The late Iain M. Banks (1954-2013) was known for a series of science fiction novels set against the background of a future society called The Culture, in which the mass of humanity lived in artificial habitats moving through interstellar space, watched over by artificial intelligences that protected and provided for them.
Members of The Culture lived indefinitely in comfort and safety and were enabled to engage in any possible activity or indulge in any possible pleasure that did not threaten the whole.
In a world where anything is possible, does anything matter? What could members of The Culture do that would give their lives meaning or provide a plot for a readable novel?
In Banks’ novels, they engage in diplomacy, espionage and war withe the goal of bringing other sentient beings, human and non-human, into The Culture.
He wrote novels on this theme, which can be enjoyed as action-adventure stories or as portraits of a utopia (or is it a dystopia). I read a few of them. I thought the best was the first, Consider Phlebas (1987). It was enjoyable both as an action-adventure yarn and also as an SF utopia—or is it a dystopia?

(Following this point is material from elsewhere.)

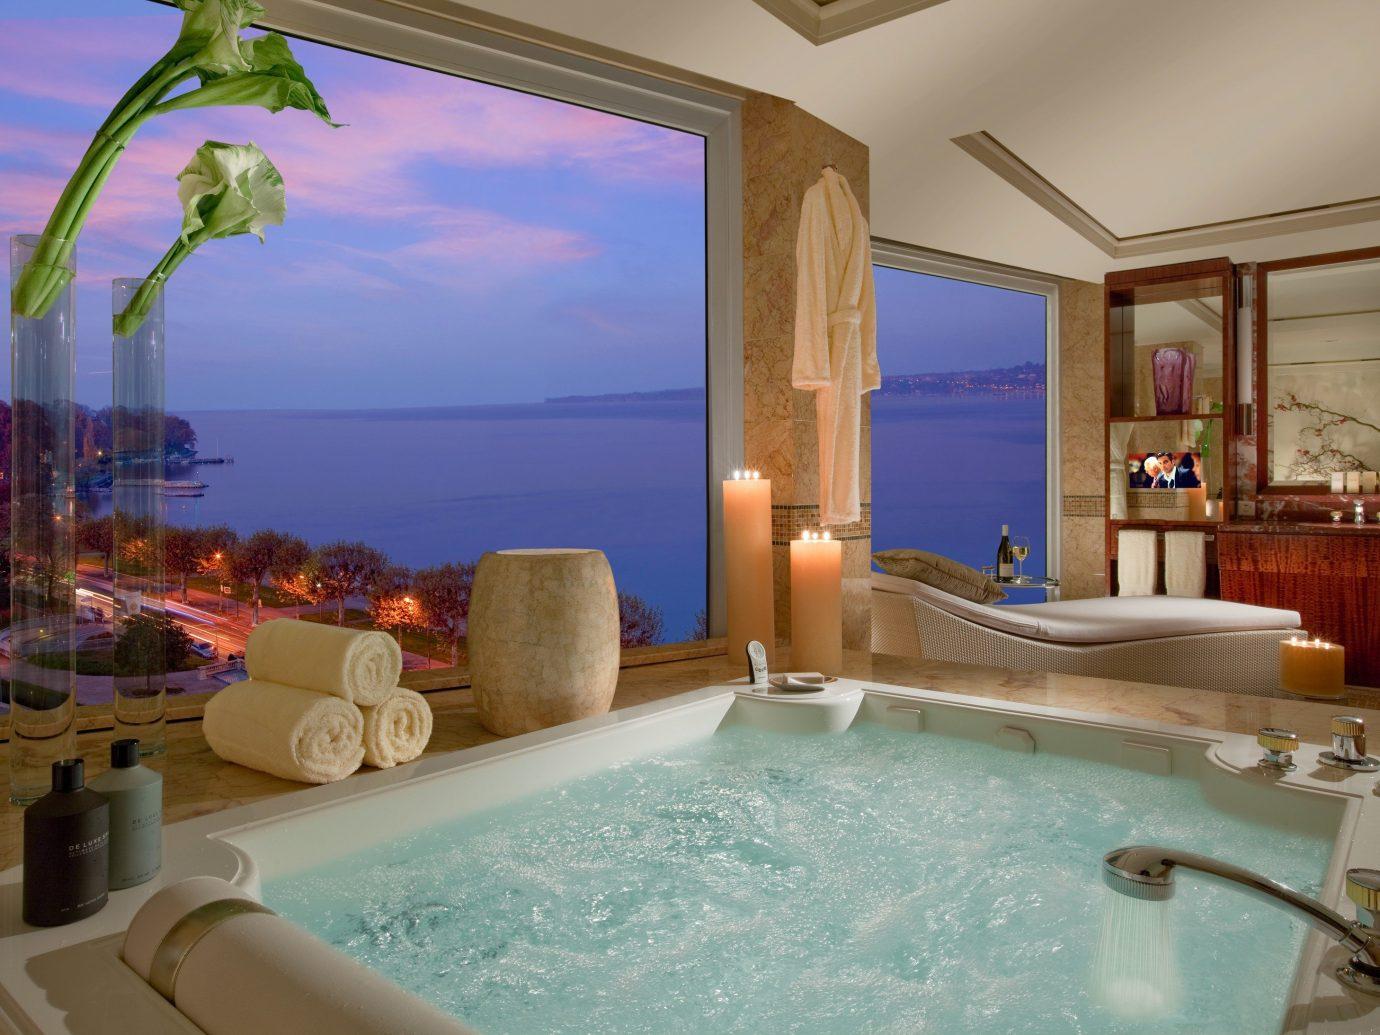 Hotels Luxury Travel indoor swimming pool room property vessel bathtub estate Suite jacuzzi Villa mansion interior design condominium real estate Resort Bath tub furniture
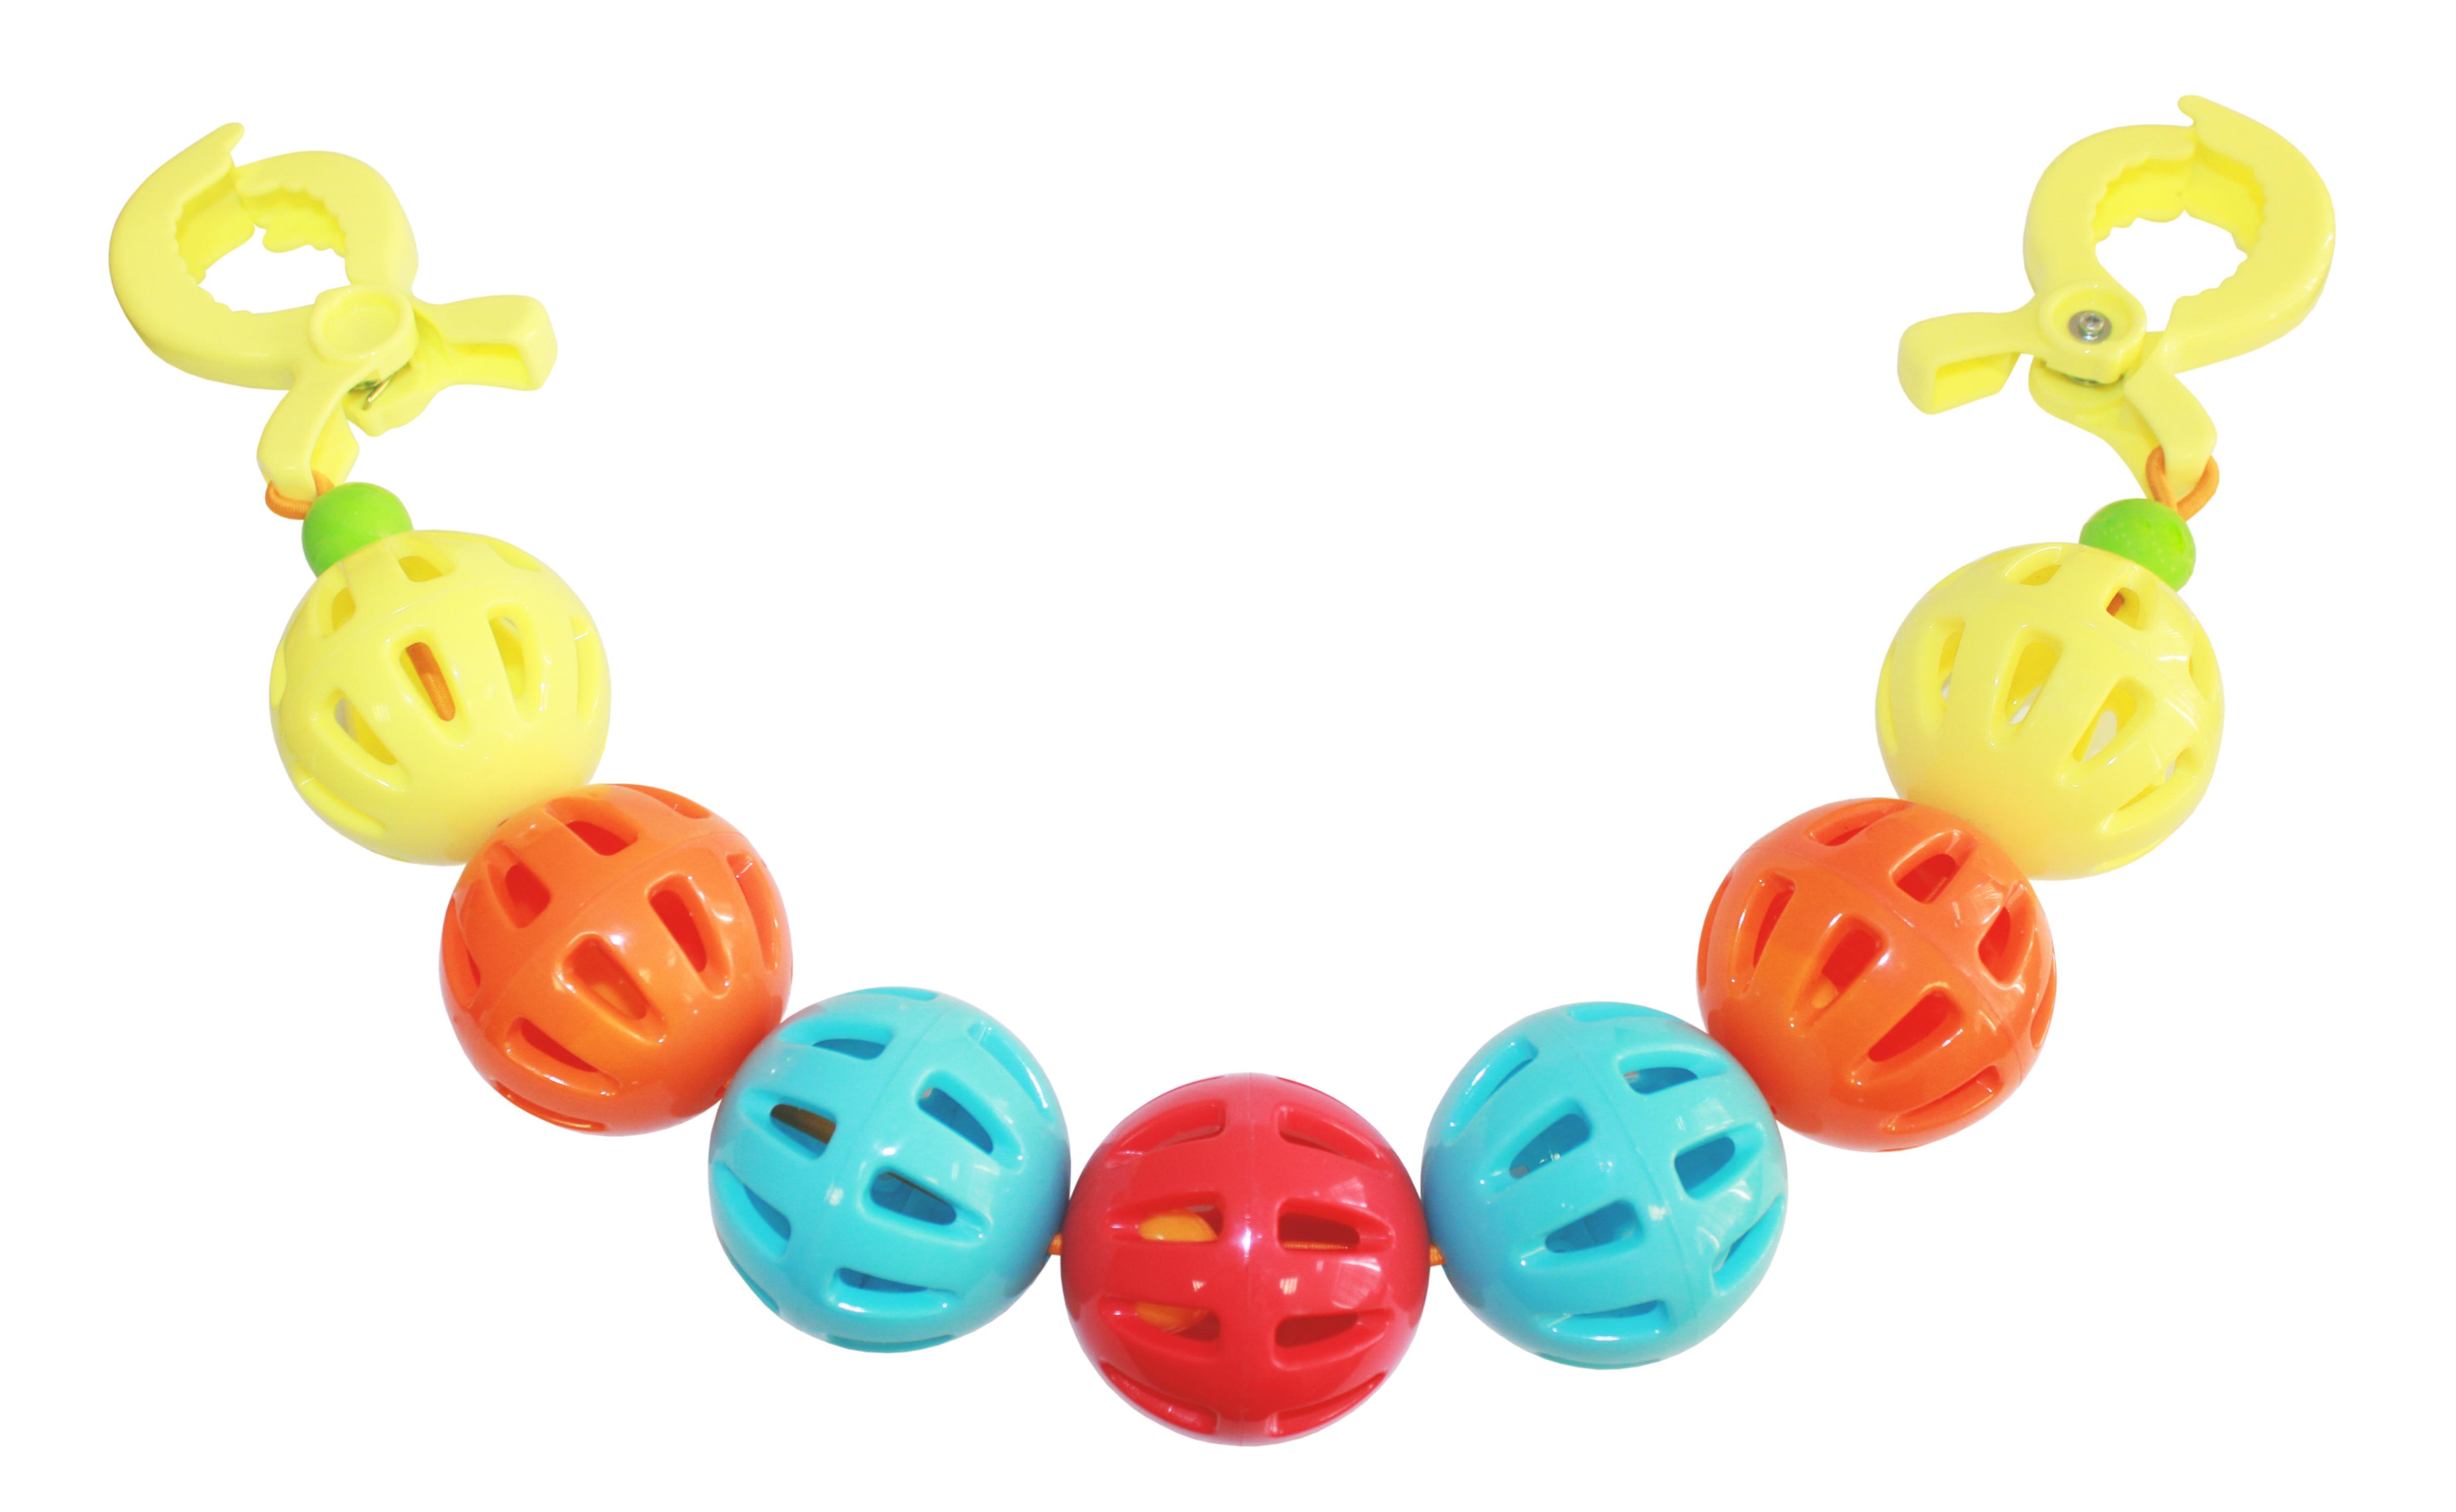 Фото - Игры и игрушки в дорогу Пластмастер Подвеска на коляску Пластмастер «Чудо-шарики» игры и игрушки в дорогу пластмастер подвеска на коляску пластмастер нежность

He also wrote non-SF novels as plain Iain Banks. I never got around to reading them until recently, when I picked up a copy of his crime novel Complicity (1993).
The viewpoint character in Complicity is a Scottish newspaper writer named Cameron Colby, who writes a series of exposes of rich and powerful people, based on tips from an anonymous source.
They include an arms merchant, a pornographer, a judge, a corrupt newspaper publisher and an businessman whose negligence killed a thousand people in an industrial accident overseas.
Colby had written that the world would be better off without such people, and a serial killer apparently took him at his word.
The evildoers in high places are killed off one by one in appropriate ways. The negligent businessman is killed in an explosion. The corrupt publisher is literally “spiked” [1]. The pornographer is killed in a sexually degrading way. And so on.
The murders are described in the second person [2] in such an involving way and in such detail that they almost like seem like manuals of instruction. I almost feel like these chapters should come with a warning that these parts of the novel are for entertainment purposes only and the reader should not try this at home.
Colby is a weak character, addicted to tobacco, alcohol, cocaine, computer games and kinky sex with a married woman. As the murders proceed, he himself becomes a suspect.
He tries to trap the killer and instead himself becomes the killer’s prisoner. Instead of killing him, the killer tries to justify himself.
You agree that Nazi criminals tried at Nuremberg deserved to die? the killer asks. You agree these criminals have done more harm than any individual murderer? You agree they are never going to be brought to justice by legal means, least of all by your journalism?
Well, then? What have I done wrong?
The killer spares Colby and gives him a chance to turn him in before he makes his getaway.
Complicity is gruesome and sordid. I don’t recommend it to fans of Agatha Christie or Dorothy Sayers. But it is compelling and I kept reading to find out what happened next.
∞
[1] “Spiked” is an old newspaper expression for a news article withheld from publication.
[2] I am the first person, you are the second person, he or she is the third person.